Biliary Sludge and Gallstones in Pregnancy: Incidence, Risk Factors, and Natural History

  1. Alberto Maringhini, MD;
  2. Maddalena Ciambra, MD;
  3. Patrizio Baccelliere, MD;
  4. Massimo Raimondo, MD;
  5. Ambrogio Orlando, MD;
  6. Fabio Tine, MD;
  7. Rossella Grasso, MD;
  8. Maria Angela Randazzo, MD;
  9. Luca Barresi, MD;
  10. Domenico Gullo, MD;
  11. Marco Musico, MD; and
  12. Luigi Pagliaro, MD
  1. From the University of Palermo, Palermo, Italy. Requests for Reprints: Alberto Maringhini, MD, Divisione de Medicina, Ospedale V. Cervello, Via Trabucco 180, 90146 Palermo, Italy. Acknowledgments: The authors thank Drs. Eugene P. DiMagno and David J. Ballard of Mayo Clinic and Mayo Foundation for their critical review of the manuscript.

    Abstract

    Objective: To evaluate the incidence and symptoms of and risk factors for biliary sludge and gallstones during pregnancy and to assess the natural history of these conditions in the first year after delivery.

    Design: Cohort study.

    Patients: A total of 272 pregnant women recruited in the first trimester.

    Measurements: Biliary sludge and gallstones were diagnosed using ultrasonography, both during pregnancy and after delivery. Predictors of the presence or disappearance of sludge and stones were examined.

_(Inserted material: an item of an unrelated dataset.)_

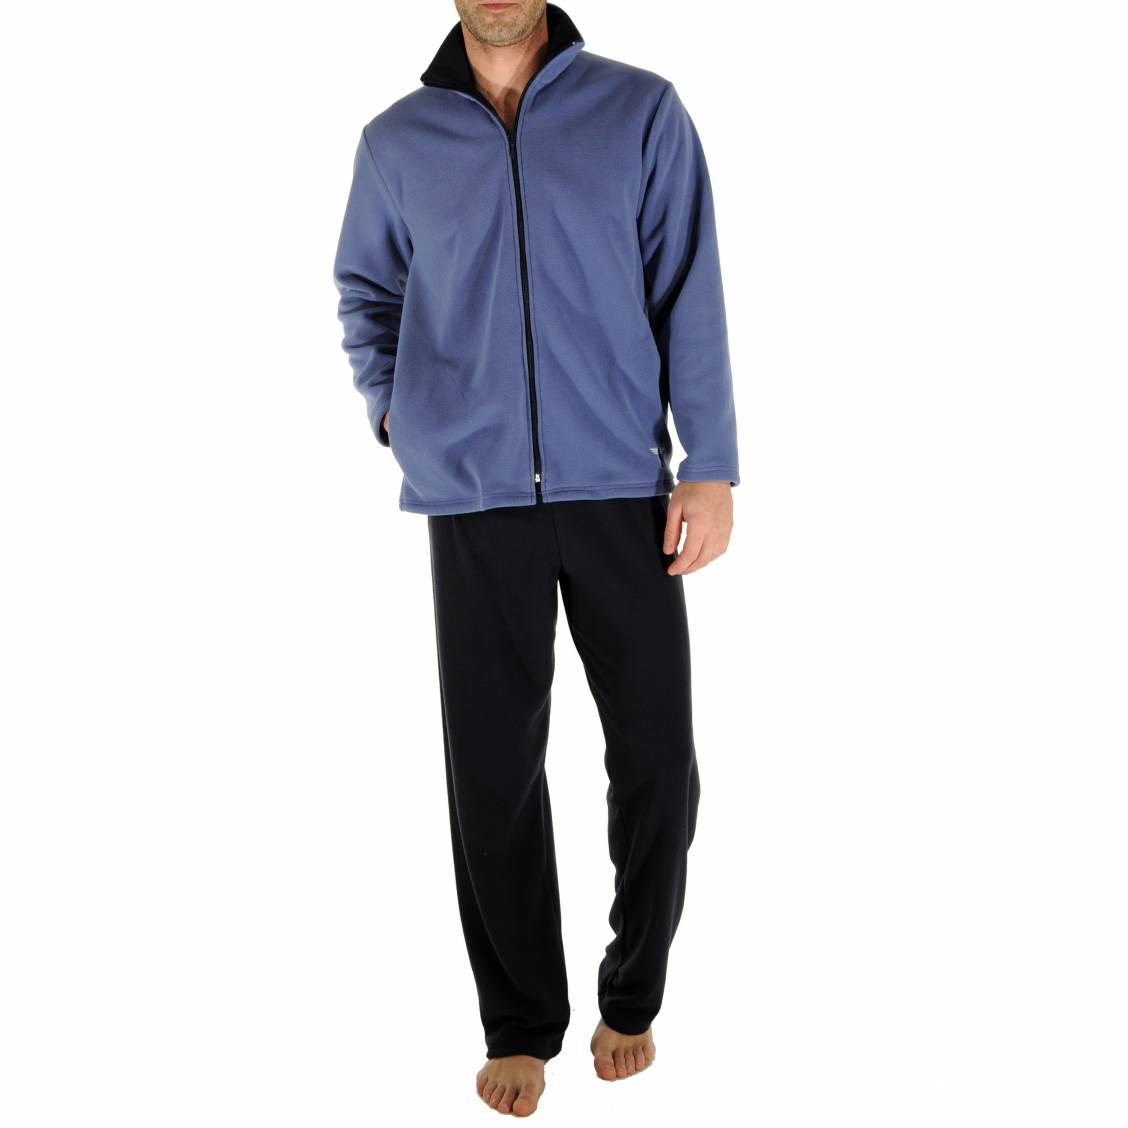 tenue d 39 int rieur en polaire ronsard christian cane sweat zipp bleu encre et pantalon bleu. Black Bedroom Furniture Sets. Home Design Ideas

    Main Results: Overall, from the first trimester of pregnancy until the immediate postpartum period, 67 women were newly diagnosed with biliary sludge, and 6 women were newly diagnosed with gallstones. The respective incidence rates were 31% (95% CI, 25% to 37%) and 2% (95% CI, 0.2% to 4%). During pregnancy, 28% of women experienced biliary pain, which was associated only with presence of stones. After delivery, 92 women had sludge and 23 had stones. Sludge disappeared in 61% of these women (CI, 50% to 73%) after a mean follow-up of 5 months, and stones disappeared in 28% of women (CI, 10% to 46%) after 9.7 months of follow-up.

    Conclusions: Biliary sludge occurred frequently during pregnancy but was generally asymptomatic and often disappeared spontaneously after delivery. Gallstones were much less frequent and were more likely to be associated with biliary pain.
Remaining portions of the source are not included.